2.) Mathematica tries to do some analytic simplifications of the function that should be minimized. This can be really problematic if we are dealing with a complicated model. In our example from above, especially the MatrixPower and the SingularValueDecomposition is problematic. Thus, when one executes NMinimize[] for a complicated function nothing happens for hours. If there are analytic simplifications that can be done, one possibility is to do them before the minimization and give NMinimize[] the optimized function. To avoid that Mathematica tries for hours to do analytic stuff to our function is to use Hold[]. If we tell Mathematica to minimize Hold[ourfunction], he no longer tries analytic stuff. For the minimization of Hold[ourfunction], he simply plugs in numerical values for the variables, looks what $\chi^2$ he gets back and then based on this information decides what he does next, i.e. what numerical values he plugs in, in the next iteration.

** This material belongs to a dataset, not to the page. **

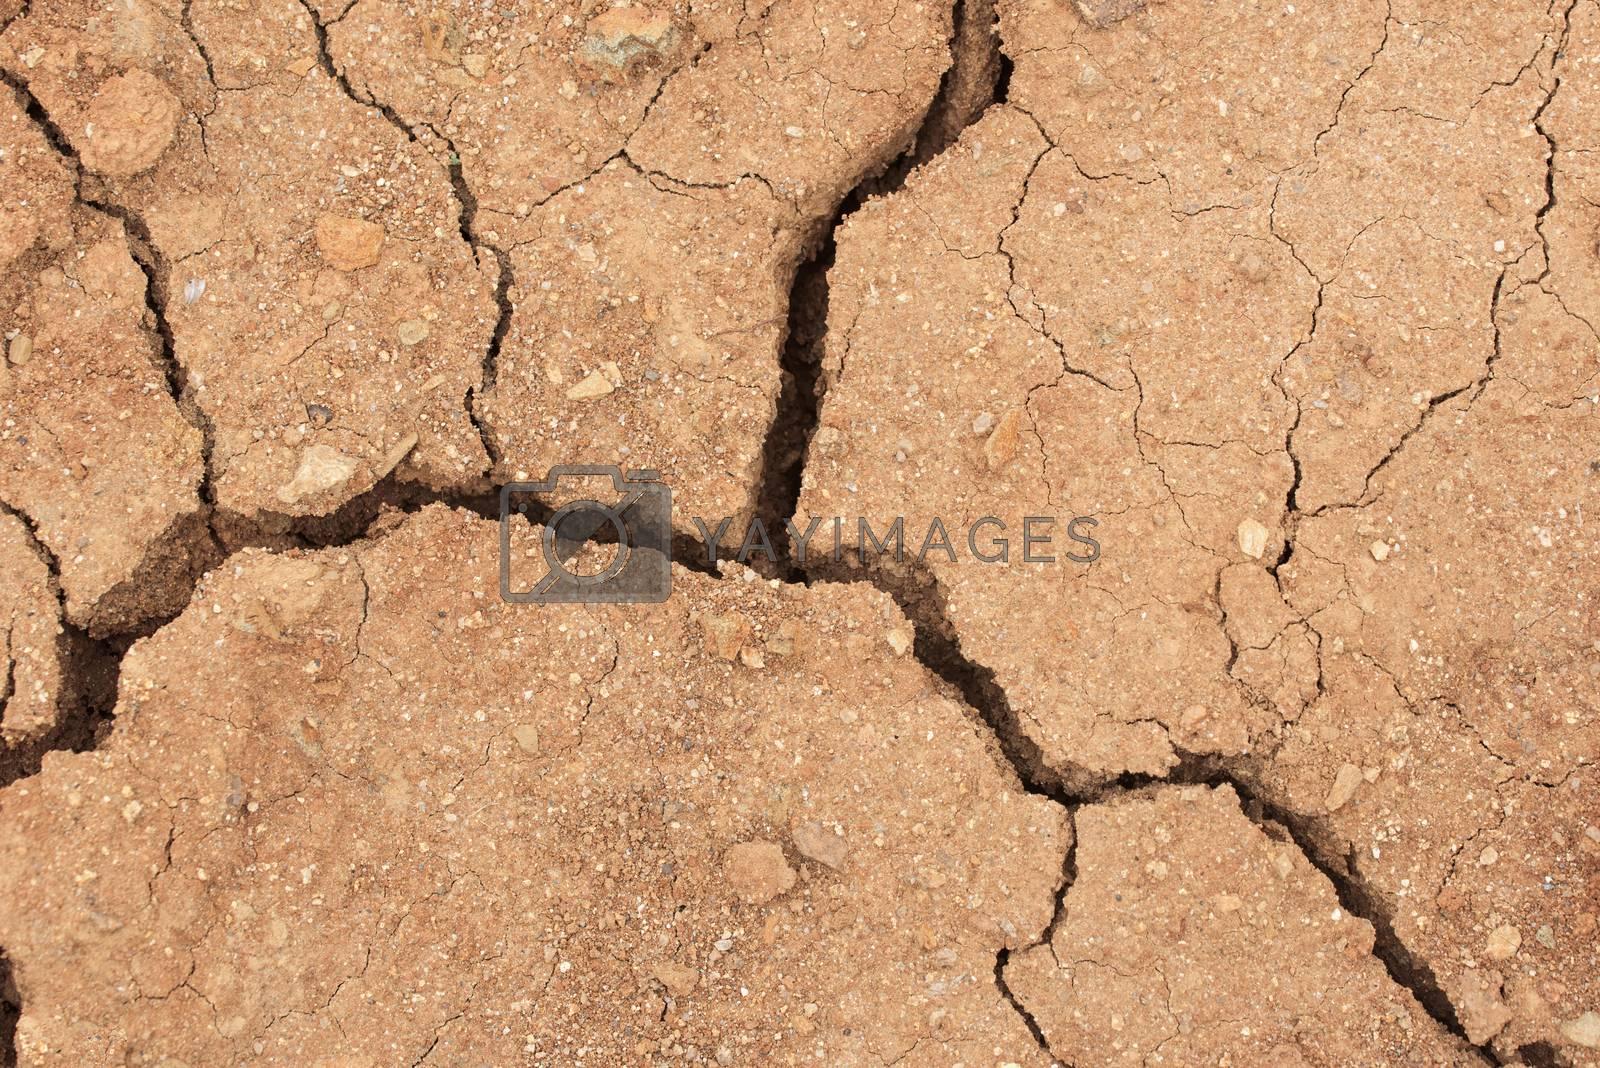 Dry land with cracks. Cracked earth in dry desert

fct[randnr_] := NMinimize[ {Hold[chisquarefunction[{y2711, y2712, y2713, y2722, y2723, y2733, y35111, y35122, y35133, v1, v2, v3, v4, vbig1, vbig2, vbig3, vbig4}]]}, {y2711, y2712, y2713, y2722, y2723, y2733, y35111, y35122, y35133, v1, v2, v3, v4, vsu51, vsu52, vSO10, vSO102, phase, ve6, ve62}, Method -> {"DifferentialEvolution", "RandomSeed" -> randnr}, MaxIterations -> 100];

And again, to perform the minimization for some random seed, we simply execute

fct[14]

3.) NMinimize[] dislikes boundaries. If you want to tell Mathematica that some parameter $p$ should be a really, really large number, say $10^{16}$, a bad way to do this is to execute NMinimize[] with a boundary for the variable. The fit results get incredibly worse if boundaries are given. I suppose this is because the fit algorithm then can’t move as freely as he would like. However, without any, hint Mathematica never yields a fit result with such a large number ($10^16$) for one of the variables. Instead, he starts with values of order one for the parameters and ends up in local minima with order one values for the parameters. In physics, we often have some scale in mind for some of the parameters. For example, in a Grand Unified Theory, some of the VEVs must be larger than $10^{16}$ and any fit result with smaller values doesn’t make sense. The trick is to rescale all parameters such that they are of order one. For the parameter $p$ that should be around $10^{16}$, we simply define $p’ = \frac{p}{10^{16}}$, which yields $p= p’ 10^{16}$ and plug this into our model function. Then, we have a model function that is a function of $p’$ instead of $p$ and it is no longer a problem that Mathematica finds order one solutions for $p’$.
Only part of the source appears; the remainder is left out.